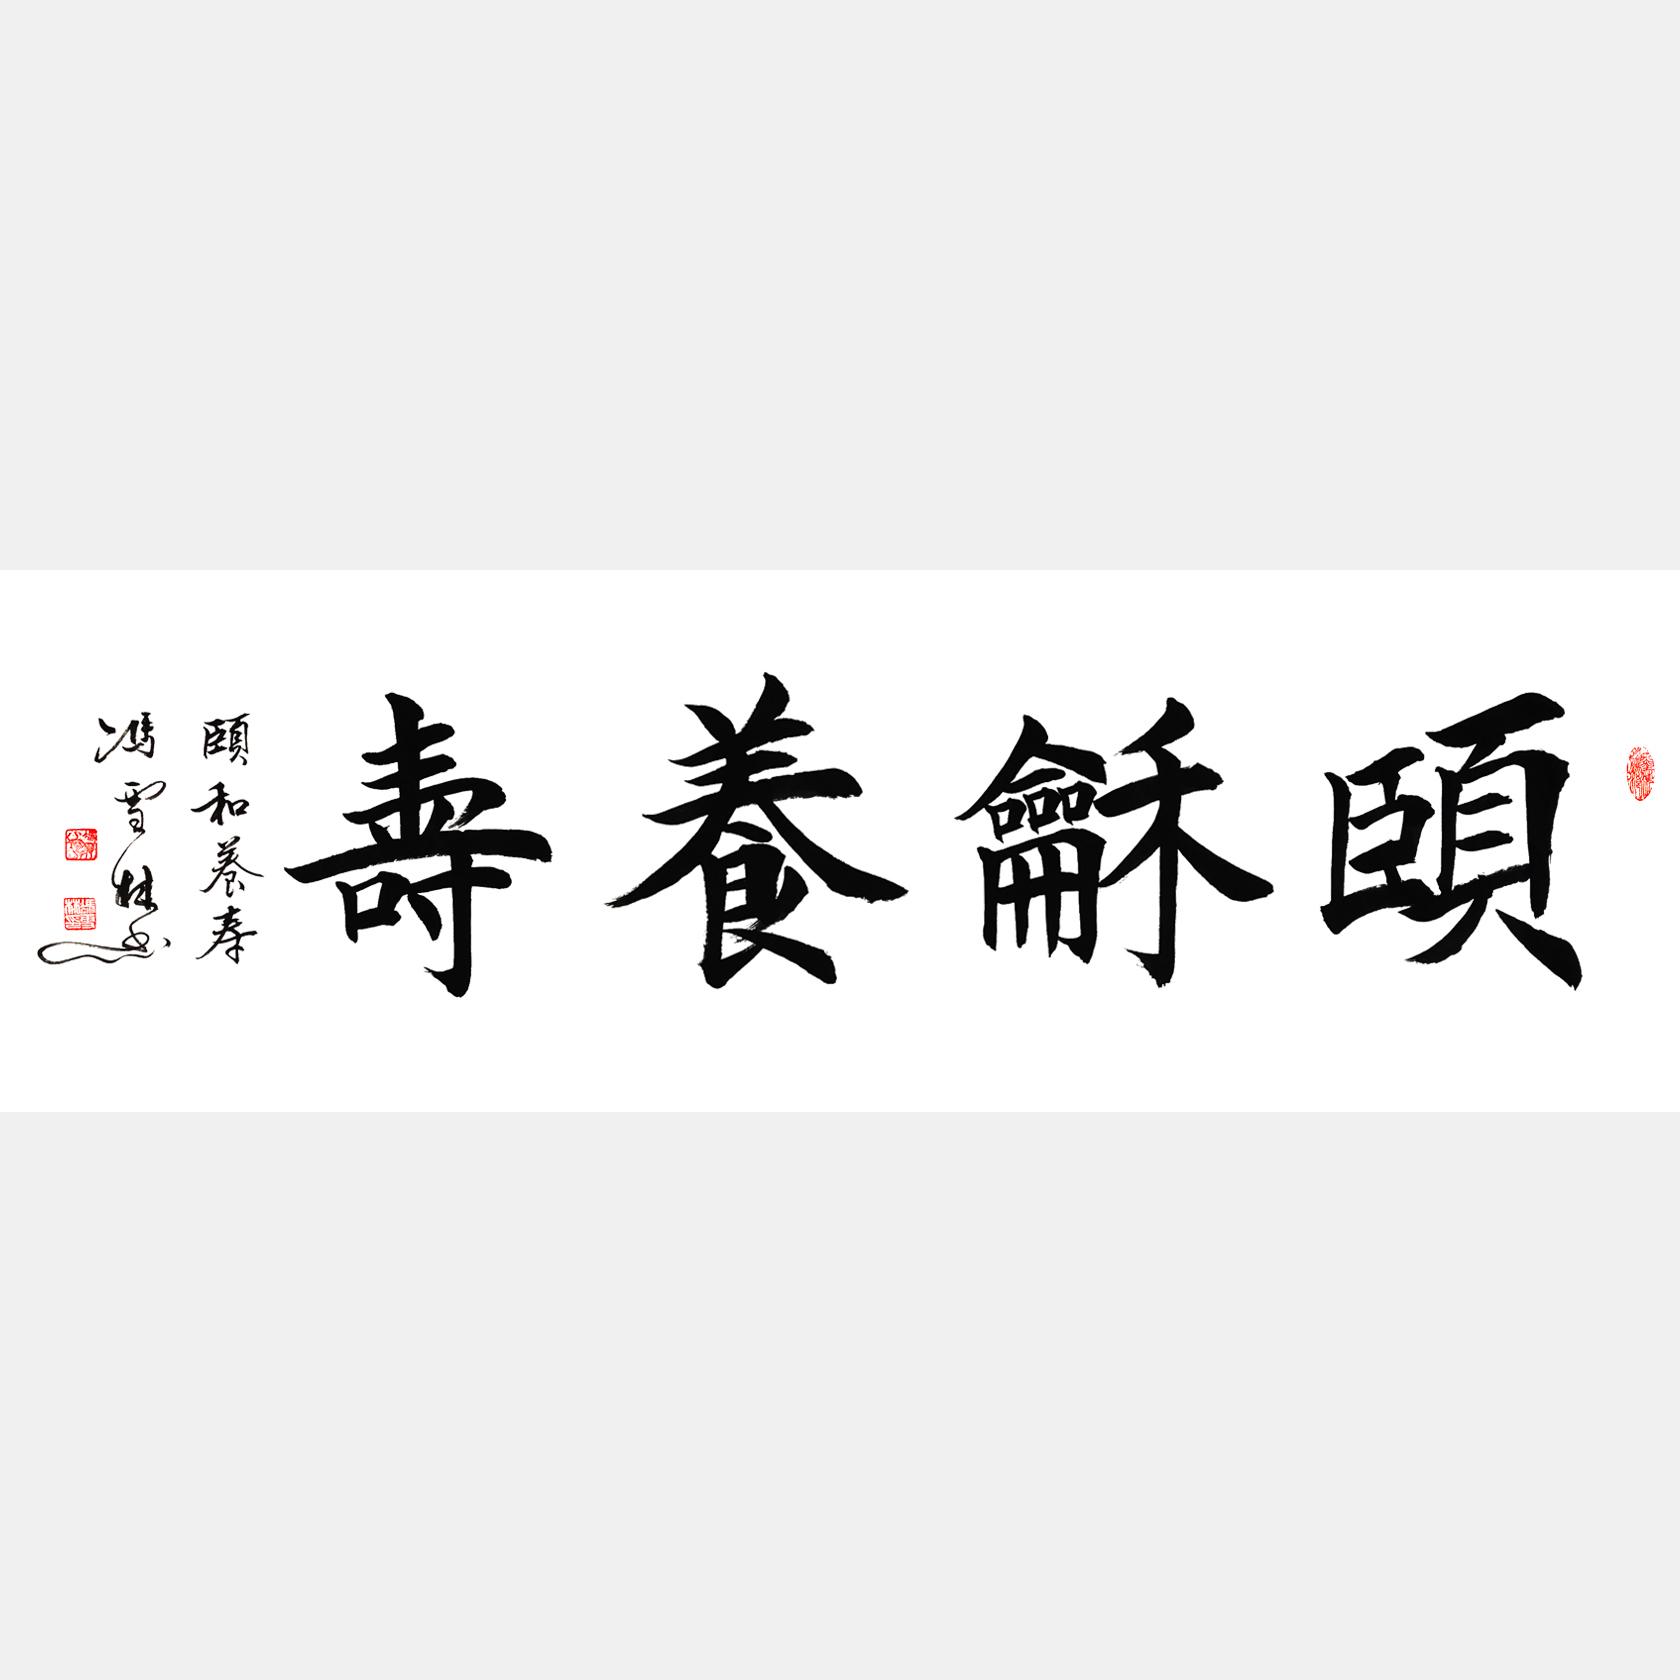 颐和养寿书法作品 颐和养寿楷书字画 四字吉语 四尺横幅
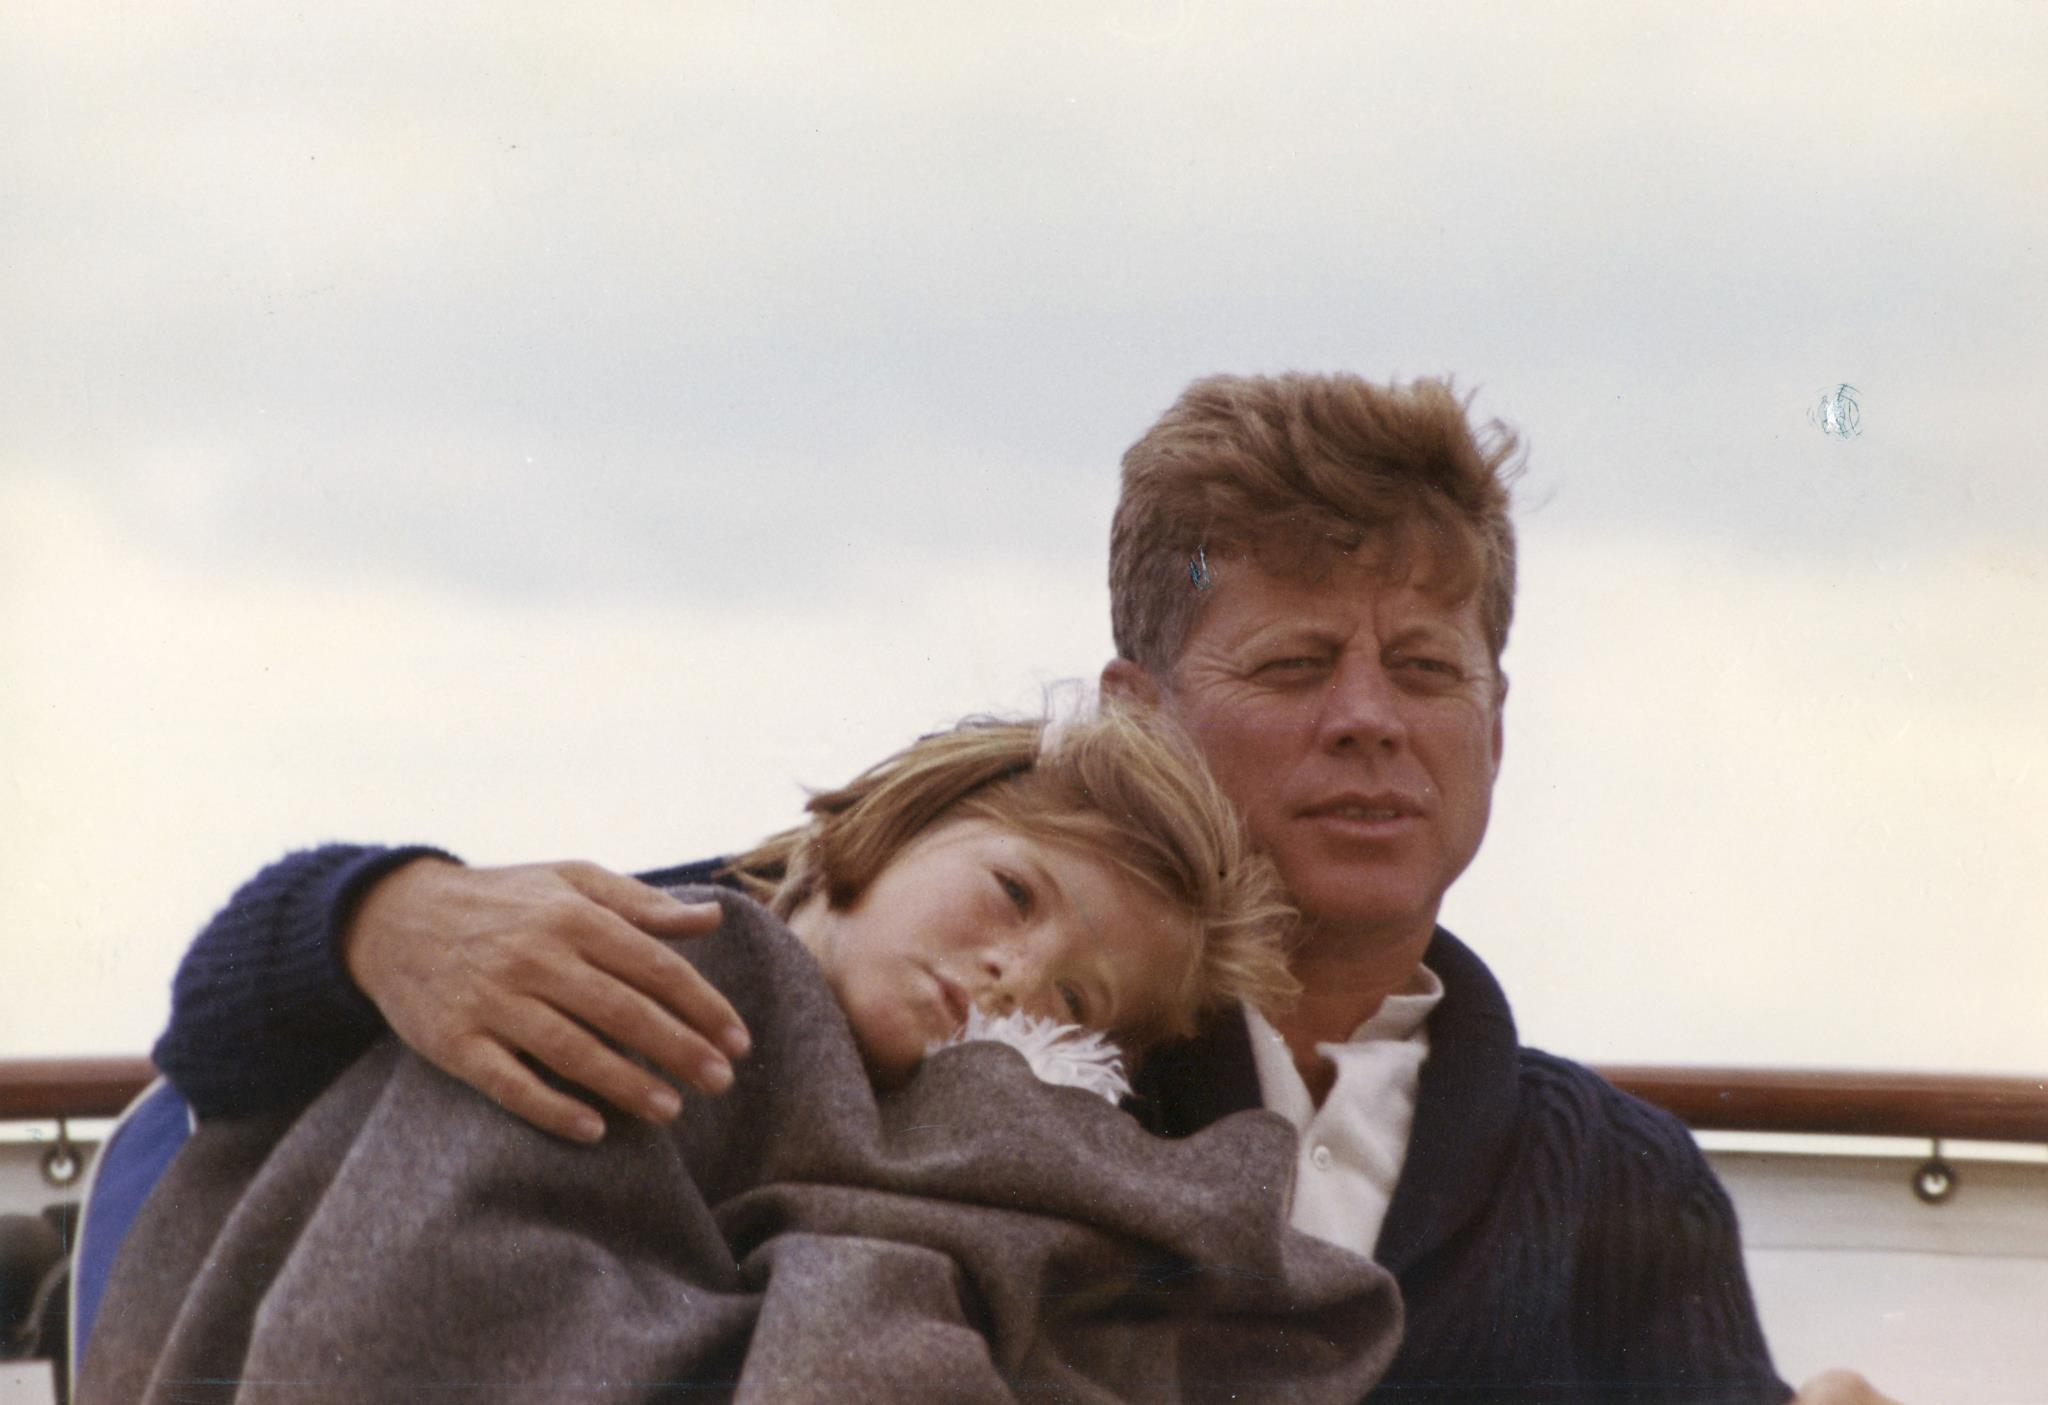 PÚBLICO - JFK: a vida de um ícone trágico em imagens
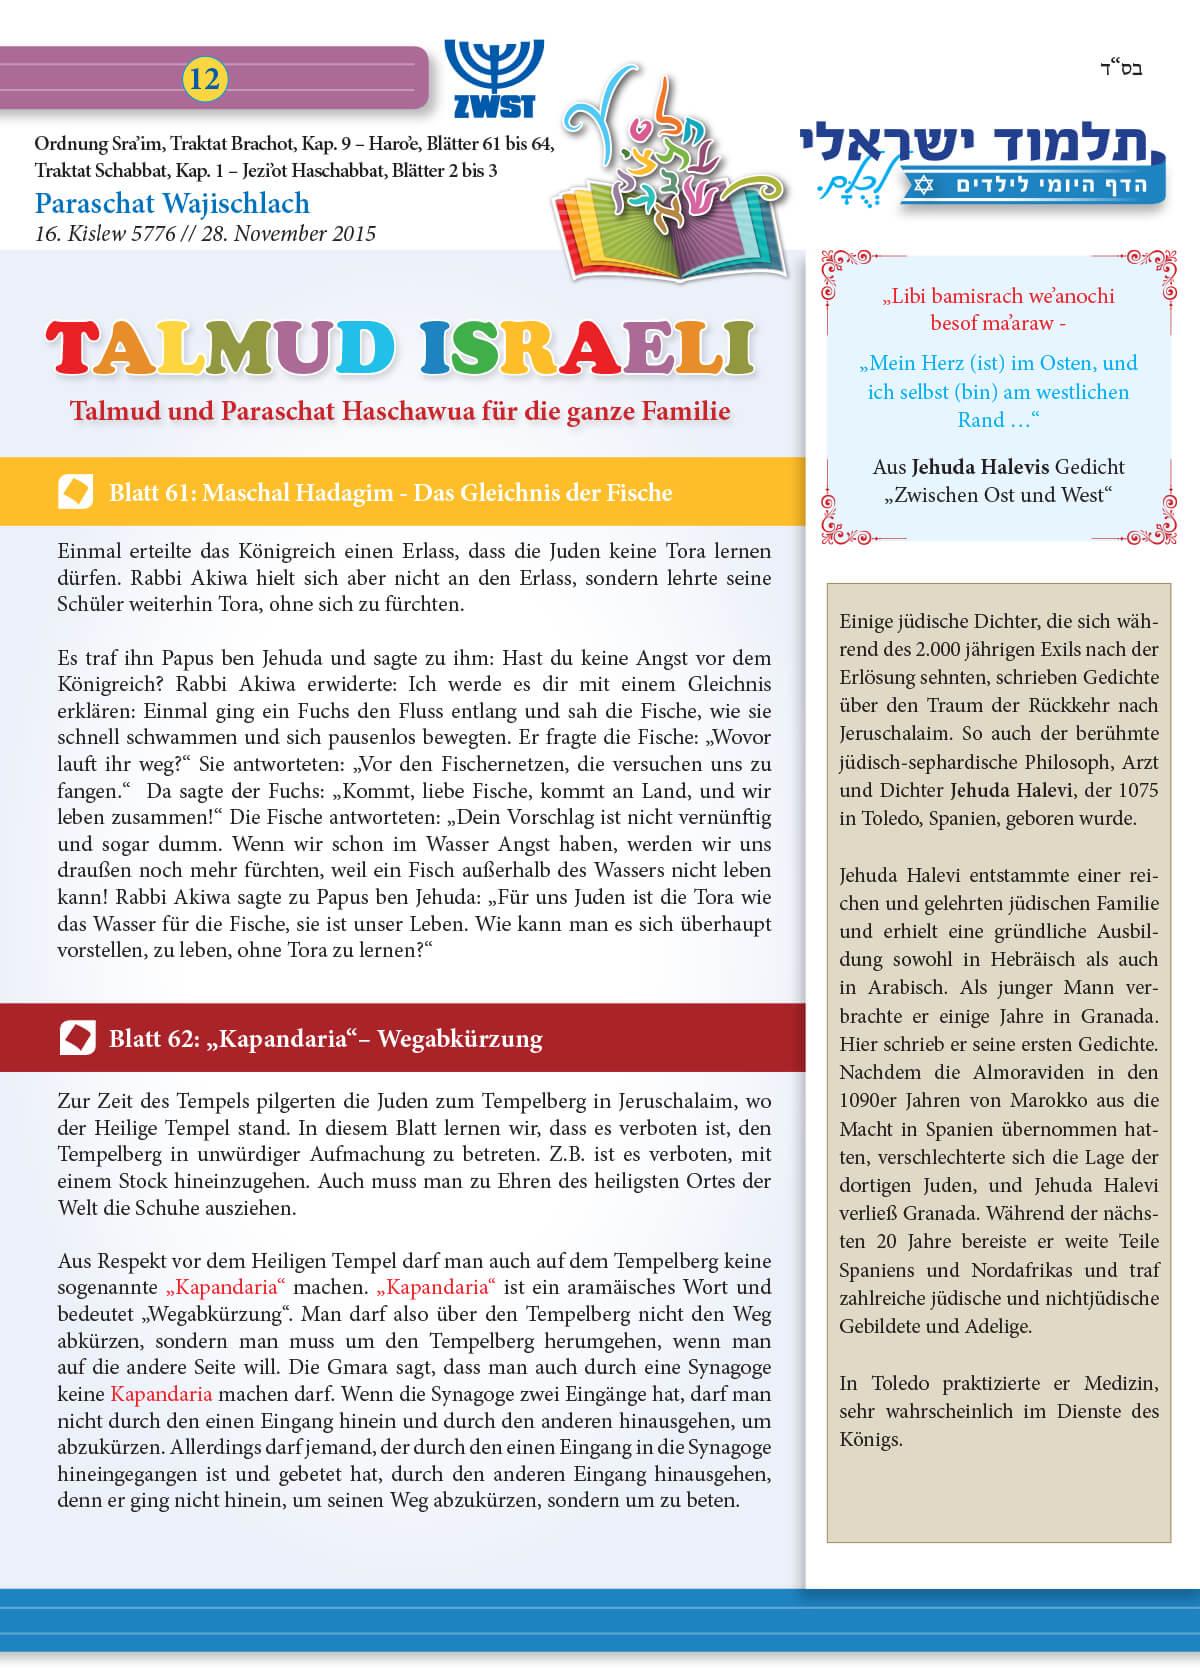 012-talmud-israeli-wajischlach-einzelseiten-1

■ Required action ■
Everything in the listing should be repeated exactly except the pictures.

■ Worked solution ■
 颐和养寿书法作品 颐和养寿楷书字画 四字吉语 四尺横幅
 PÚBLICO - JFK: a vida de um ícone trágico em imagens
 012-talmud-israeli-wajischlach-einzelseiten-1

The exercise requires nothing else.